Гоголь. Соловьев. Достоевский - Мочульский Константин Васильевич. Страница 33
«Наиболее глубокий переворот в Соловьеве, — сообщает Лопатин, — вызывает изучение Канта и в особенности Шопенгауэра». Молодой философ окончательно освобождается от догматизма и через кан–товскую гносеологию приходит к заключению, что знание не противоречит вере и что наука совместима с религией. Изучение Канта было для Соловьева школой философской дисциплины мысли, но теория познания, формально разрешив ему искать Бога, не могла этих исканий удовлетворить. Бог Канта был не живым Богом, а отвлеченным понятием, «постулатом практического разума». И Соловьев стремительно «влюбился» в Шопенгауэра.

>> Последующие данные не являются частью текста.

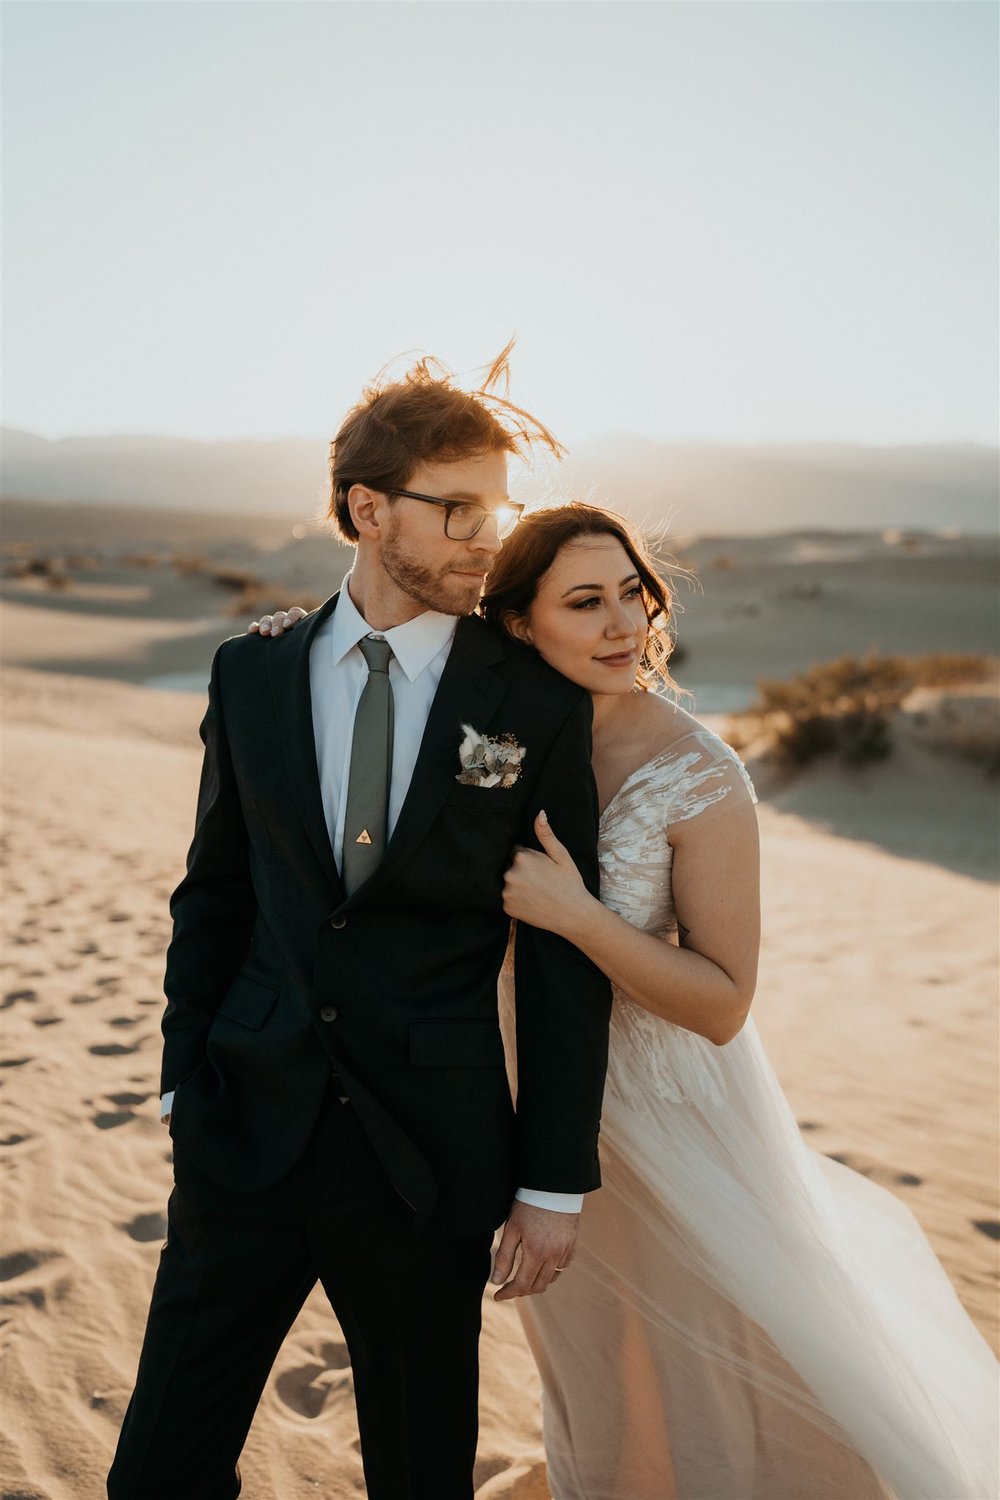 Bride and groom elopement photos in Death Valley National Park
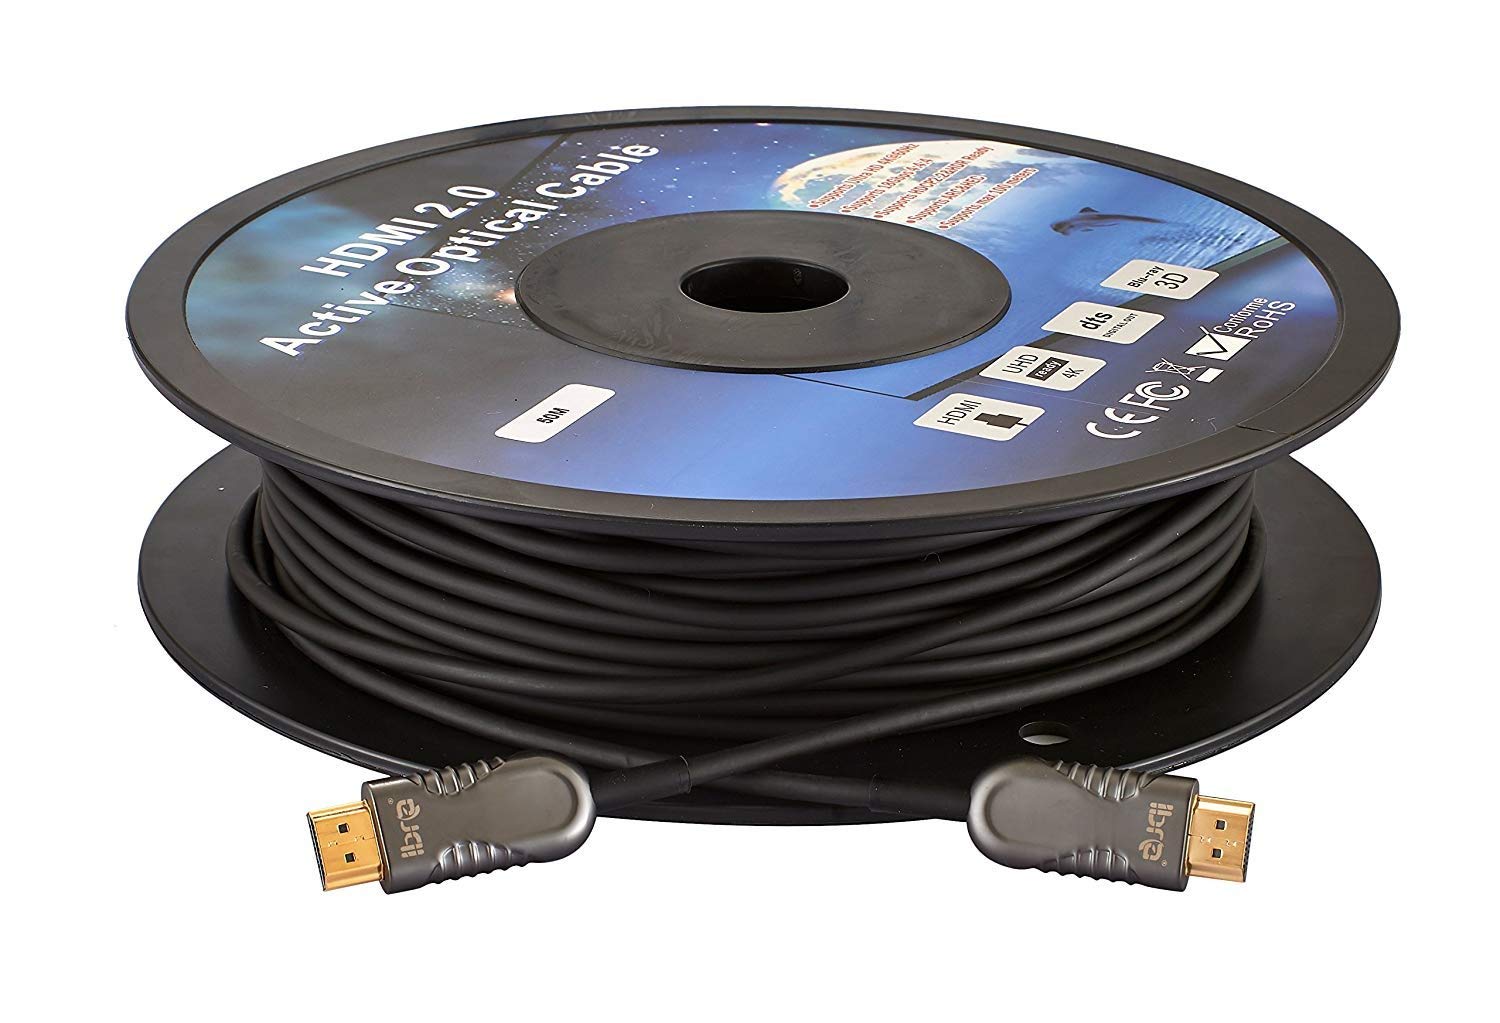 10M Fiber Optic HDMI High Speed Cable v2.0 18Gbps HDMI Lead Support 4K@60Hz/4:4:4/3D/4K HDR HDCP 2.2 for Apple TV, HDTV, Roku TV Box, Xbox One X, Home Theater, PS4, PS3 etc - IBRA OPTICAL HDMI Cable

Лопатин пишет: «Шопенгауэр овладел им всецело, как ни один философский писатель после и раньше… У него Соловьев нашел то, чего не находил ни у одного из излюбленных им писателей — удовлетворение никогда не умолкавшей в нем религиозной потребности, религиозное понимание и религиозное отношение к жизни».
У немецкого философа Соловьев встретил родственную ему эсхатологическую интуицию. Биологическая эволюция Дарвина, привлекавшая его своим динамизмом, и теория прогресса Спенсера, вдохновлявшая его идеей исторического процесса, в сочинениях Шопенгауэра приобретали глубокий религиозный смысл. Вся мировая жизнь раскрывалась здесь как единый нравственный очистительный процесс. Цель истории — освобождение мира от зла и страданий через угашение злой воли к бытию. У Шопенгауэра Соловьев узнал знакомую ему русскую «страсть к разрушению». Пережитый им нигилизм возрождался, облеченный в философскую мантию. У Шопенгауэра было то же острое чувство неправды жизни, тот же пафос спасения и освобождения. Он учил, что конец мира должен наступить и что каждый может ускорить его приближение. Соловьев верил, что «правда» на земле скоро восторжествует, но не знал, какая правда. Шопенгауэр открыл ему глаза: эта правда — Нирвана. На некоторое время Соловьев становится буддистом и со страстью отдается изучению восточных религий.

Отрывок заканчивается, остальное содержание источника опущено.